This application further provides a computer device. The computer device includes a storage, and the storage is configured to store a bitstream determined by using the foregoing encoding method.

For explanations and beneficial effect of related content in any one of the apparatuses provided above, refer to the corresponding method embodiment provided above. Details are not described herein again.

In the several embodiments provided in this application, it should be understood that the disclosed apparatus and method may be implemented in other manners. For example, the described apparatus embodiment is merely an example. For example, division into the units is merely logic function division and may be other division in actual implementation. For example, a plurality of units or components may be combined or integrated into another system, or some features may be ignored or not performed. In addition, the displayed or discussed mutual couplings or direct couplings or communication connections may be implemented through some interfaces. The indirect couplings or communication connections between the apparatuses or units may be implemented in electronic, mechanical, or other forms.

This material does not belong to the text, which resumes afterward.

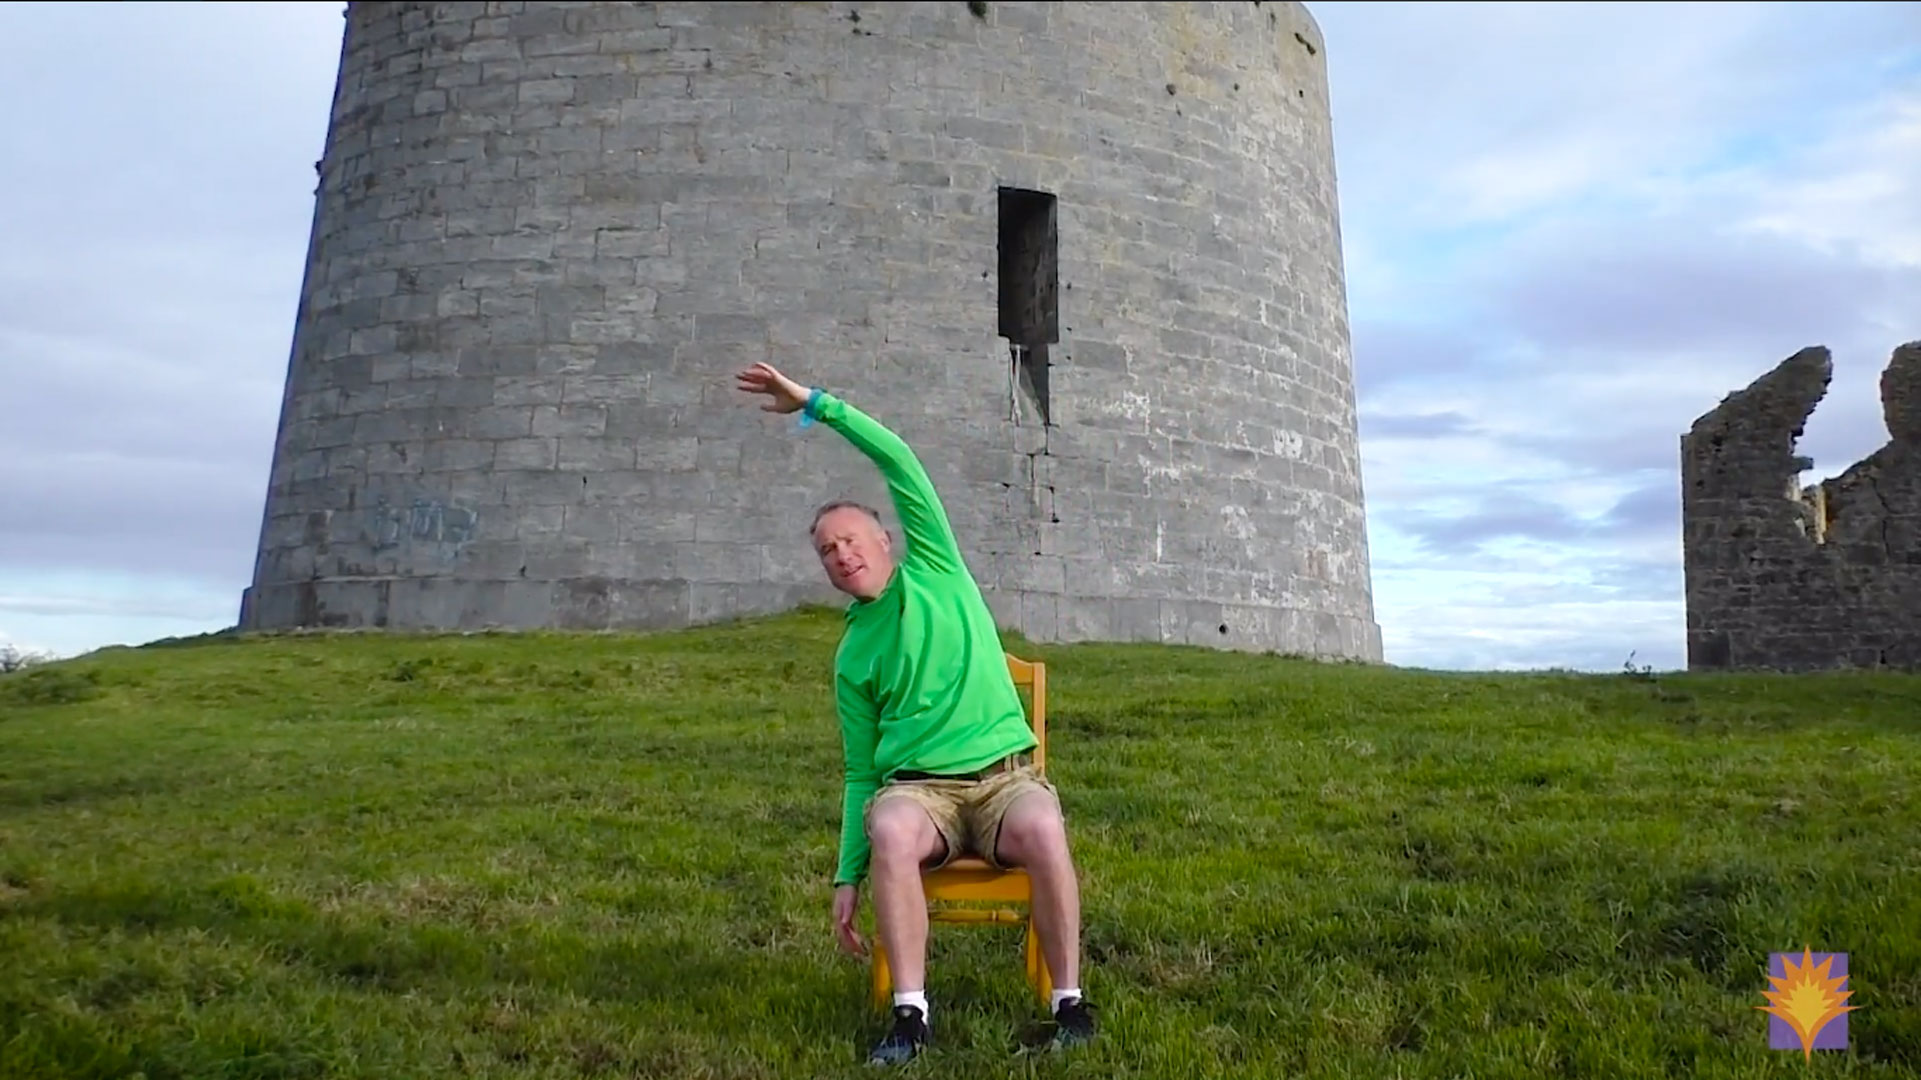 John Conroy: Fun Fitness by the Martello Tower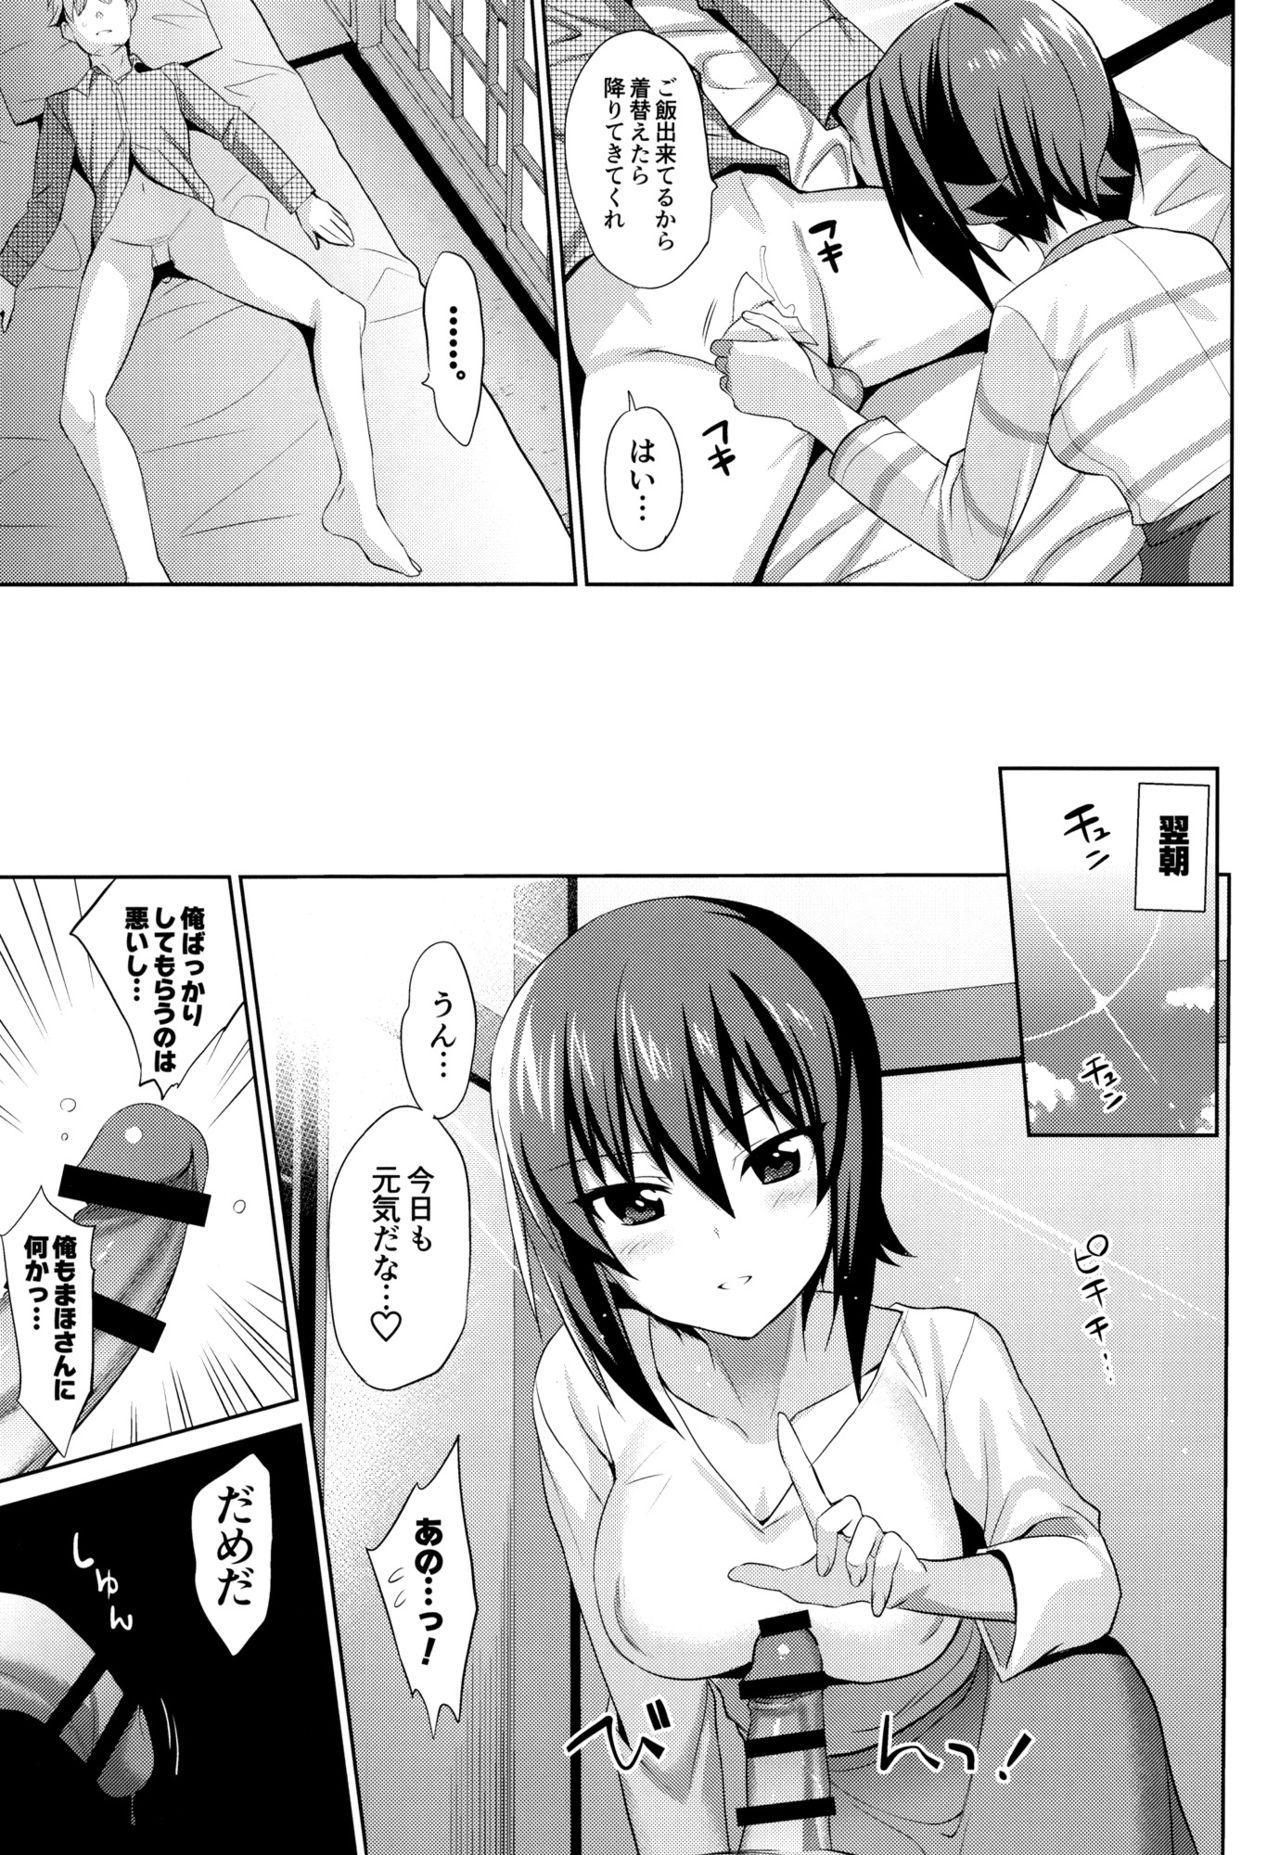 Strap On LET ME LOVE YOU TOO - Girls und panzer Girl Get Fuck - Page 10

All or some of the foregoing embodiments may be implemented by using software, hardware, firmware, or any combination thereof. When software is used to implement embodiments, all or a part of the embodiments may be implemented in a form of a computer program product. The computer program product includes one or more computer instructions. When the computer program instructions are loaded and executed on the computer, the procedure or functions according to embodiments of this application are all or partially generated. The computer may be a general-purpose computer, a dedicated computer, a computer network, or other programmable apparatuses. For example, the computer may be a personal computer, a server, or a network device. The computer instructions may be stored in a computer-readable storage medium or may be transmitted from a computer-readable storage medium to another computer-readable storage medium. For example, the computer instructions may be transmitted from a website, computer, server, or data center to another website, computer, server, or data center in a wired (for example, a coaxial cable, an optical fiber, or a digital subscriber line (DSL)) or wireless (for example, infrared, radio, or microwave) manner. The computer-readable storage medium may be any usable medium accessible by the computer, or a data storage device, for example, a server or a data center, integrating one or more usable media. The usable medium may be a magnetic medium (for example, a floppy disk, a hard disk, or a magnetic tape), an optical medium (for example, a DVD), a semiconductor medium (for example, a solid-state drive (solid-state disk, SSD)), or the like. For example, the usable medium may include but is not limited to any medium that can store program code, for example, a USB flash drive, a removable hard disk, a read-only memory (read-only memory, ROM), a random access memory (random access memory, RAM), a magnetic disk, or an optical disc.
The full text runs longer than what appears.